_Work instruction_: Copy the data exactly from the line that contains "Bal Andrzejkowy dla" through the line that contains "Le bloc du mois", keeping both end lines and leaving out everything else.

_Provided data_:
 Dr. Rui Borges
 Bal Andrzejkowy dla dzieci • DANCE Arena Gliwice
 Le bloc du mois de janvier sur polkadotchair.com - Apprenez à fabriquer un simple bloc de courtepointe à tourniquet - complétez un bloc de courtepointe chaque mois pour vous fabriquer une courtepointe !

==

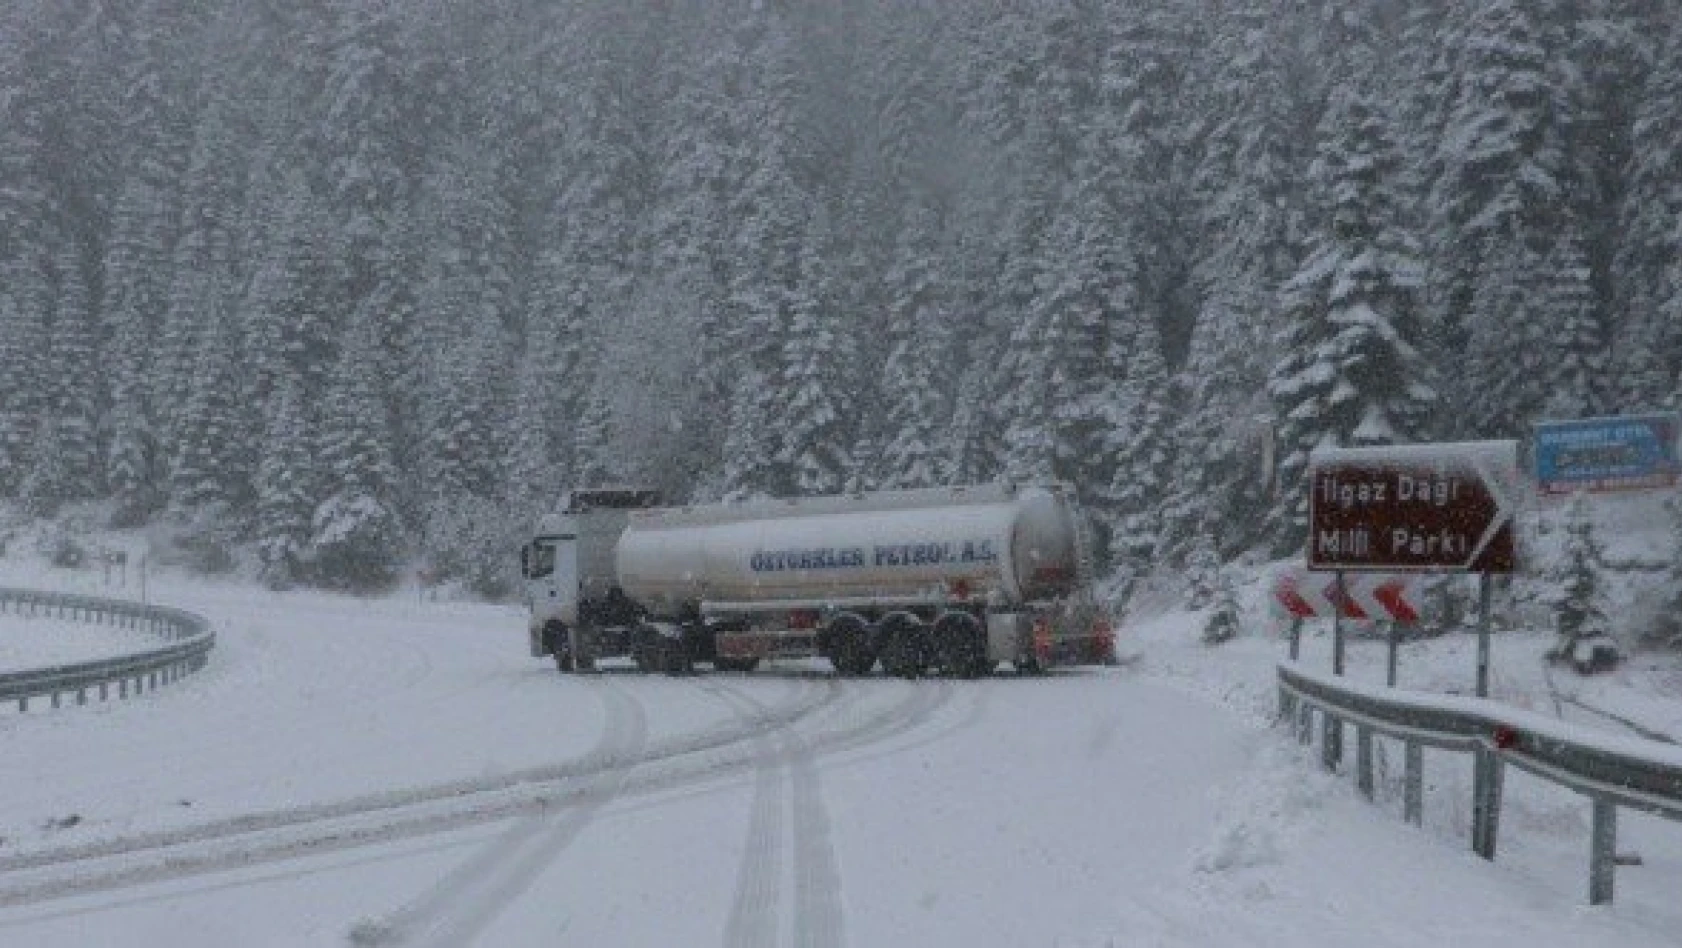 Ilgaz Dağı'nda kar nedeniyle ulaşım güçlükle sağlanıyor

_Answer for the task_:
 Bal Andrzejkowy dla dzieci • DANCE Arena Gliwice
 Le bloc du mois de janvier sur polkadotchair.com - Apprenez à fabriquer un simple bloc de courtepointe à tourniquet - complétez un bloc de courtepointe chaque mois pour vous fabriquer une courtepointe !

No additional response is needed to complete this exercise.